Task objective:
From the records below, print only the part that opens with the line containing "T-shirt Active con" and closes with the line containing "JVC UX-A52R manual"; omit the pictures.

(Material for the task Opens)

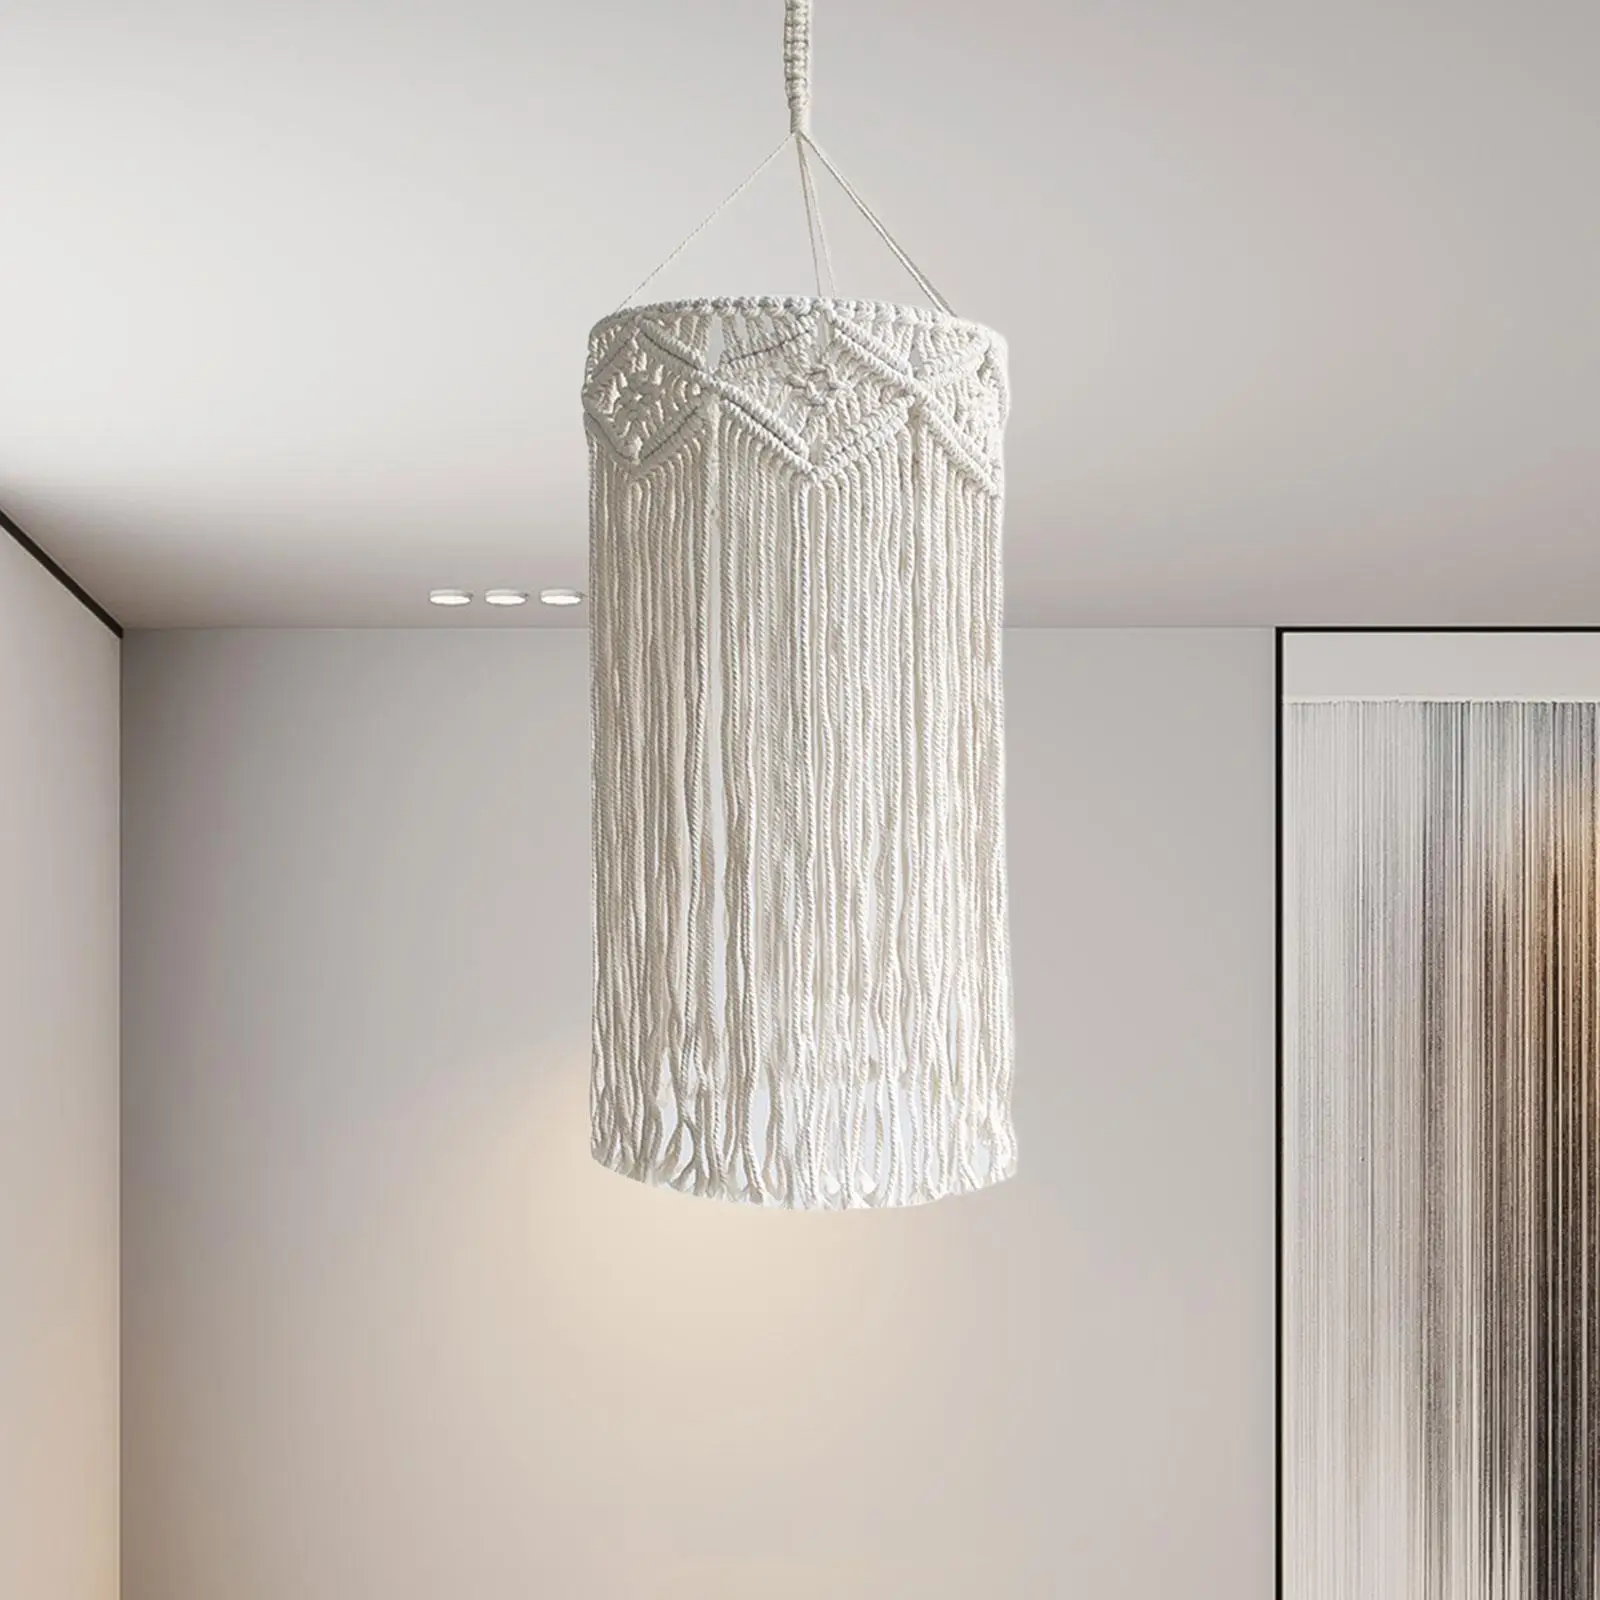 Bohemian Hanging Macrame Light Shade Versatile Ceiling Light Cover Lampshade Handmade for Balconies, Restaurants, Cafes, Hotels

(Material for the task Closes)
(Material for the task Opens)

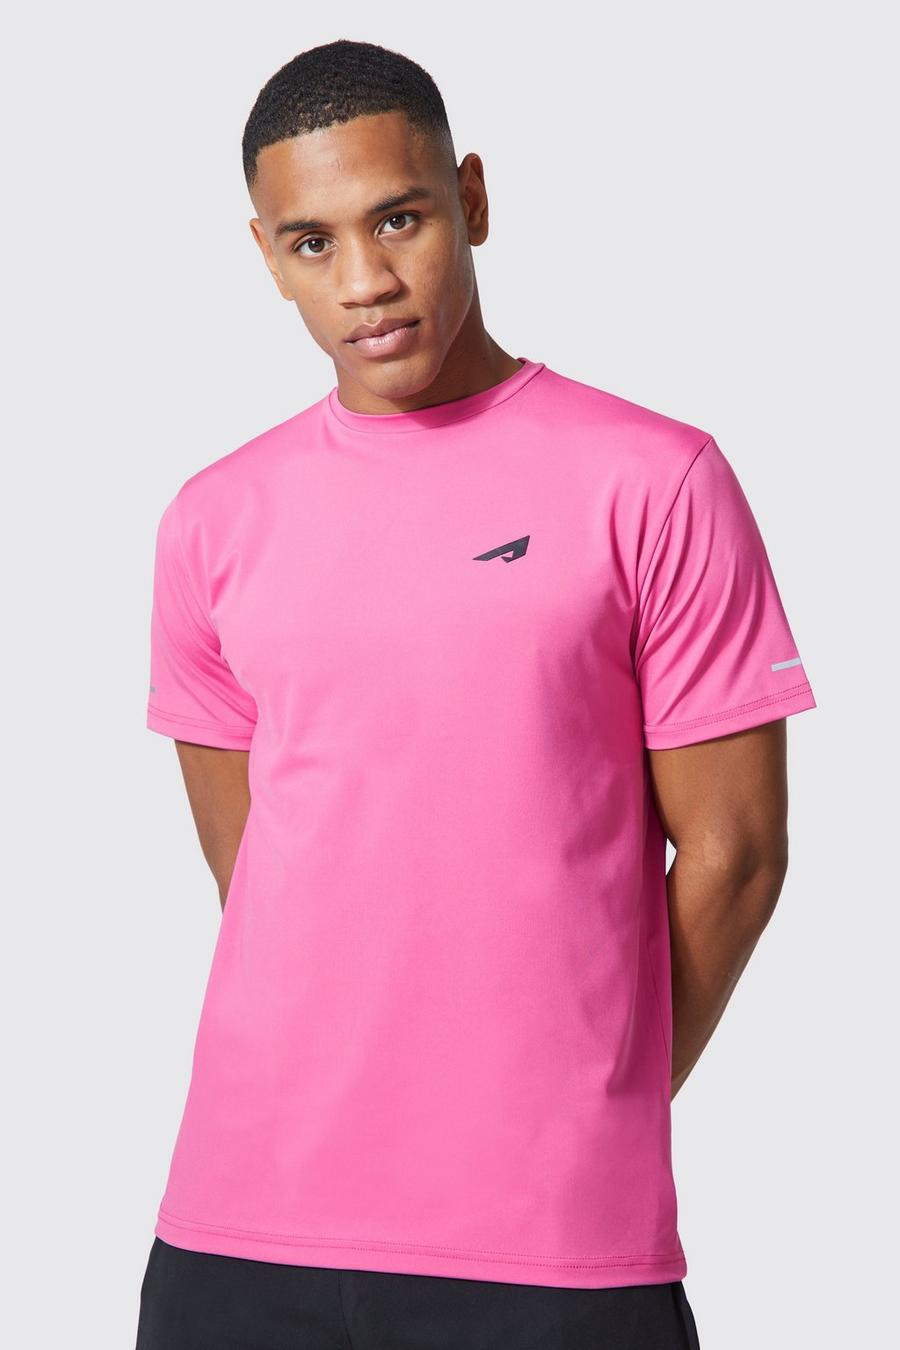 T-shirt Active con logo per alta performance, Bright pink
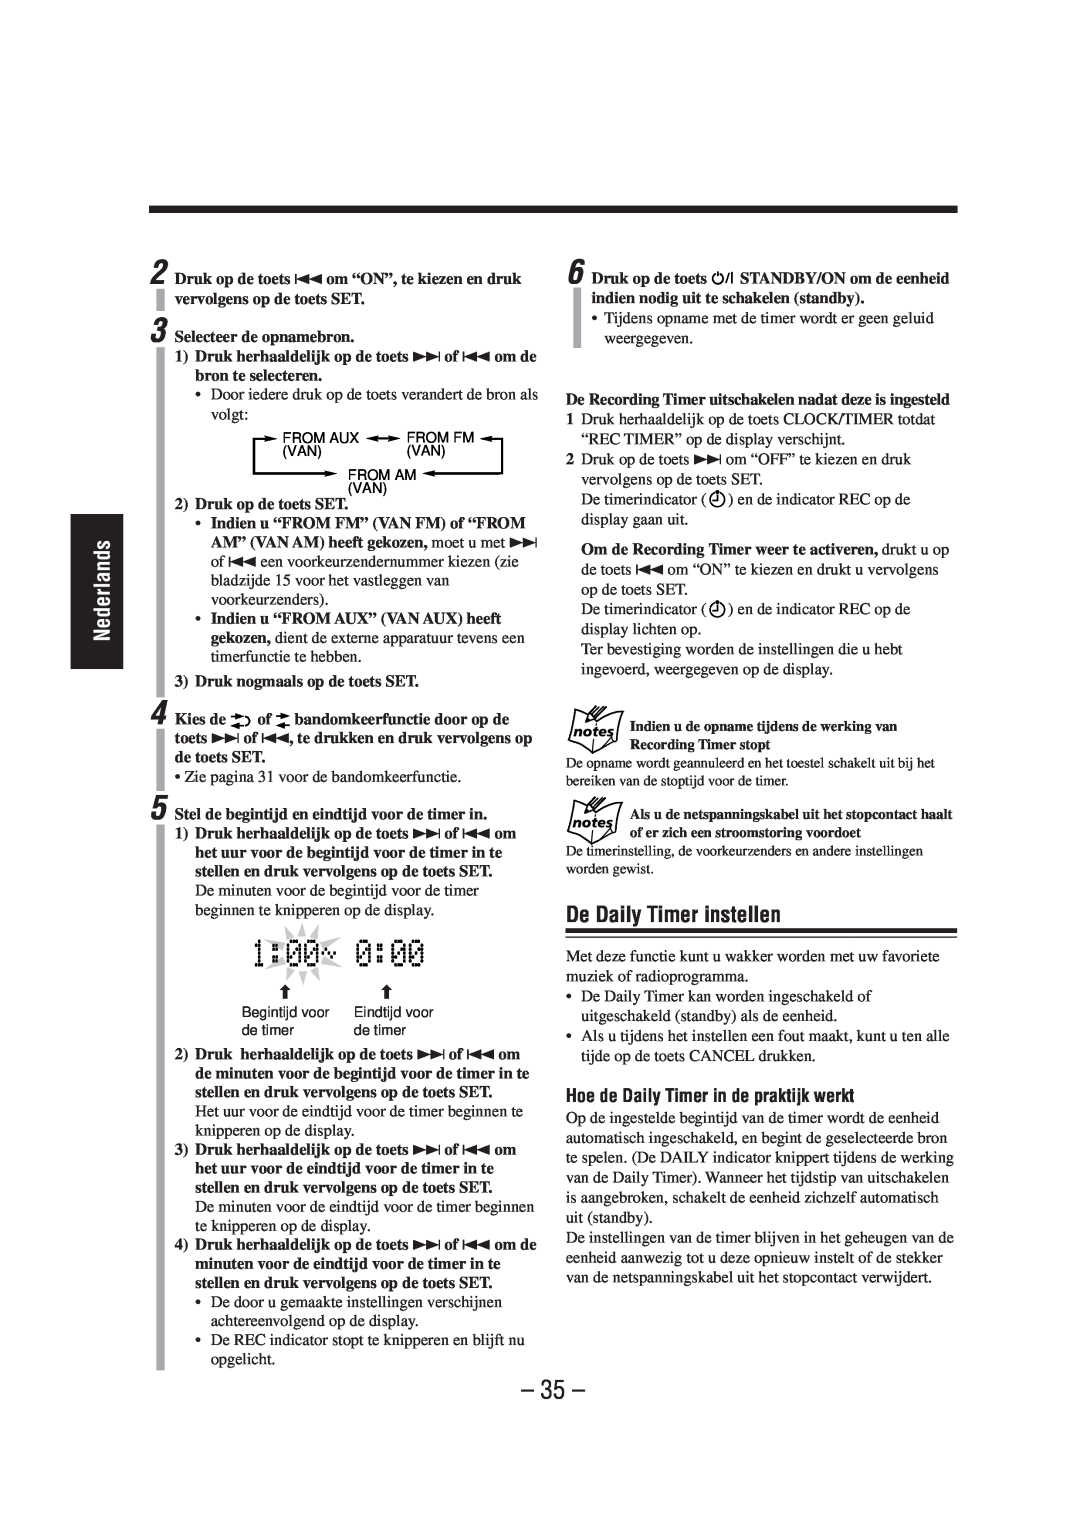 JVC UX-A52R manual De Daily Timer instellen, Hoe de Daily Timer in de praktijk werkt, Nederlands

(Material for the task Closes)

Finished task:
 T-shirt Active con logo per alta performance, Bright pink
 JVC UX-A52R manual De Daily Timer instellen, Hoe de Daily Timer in de praktijk werkt, Nederlands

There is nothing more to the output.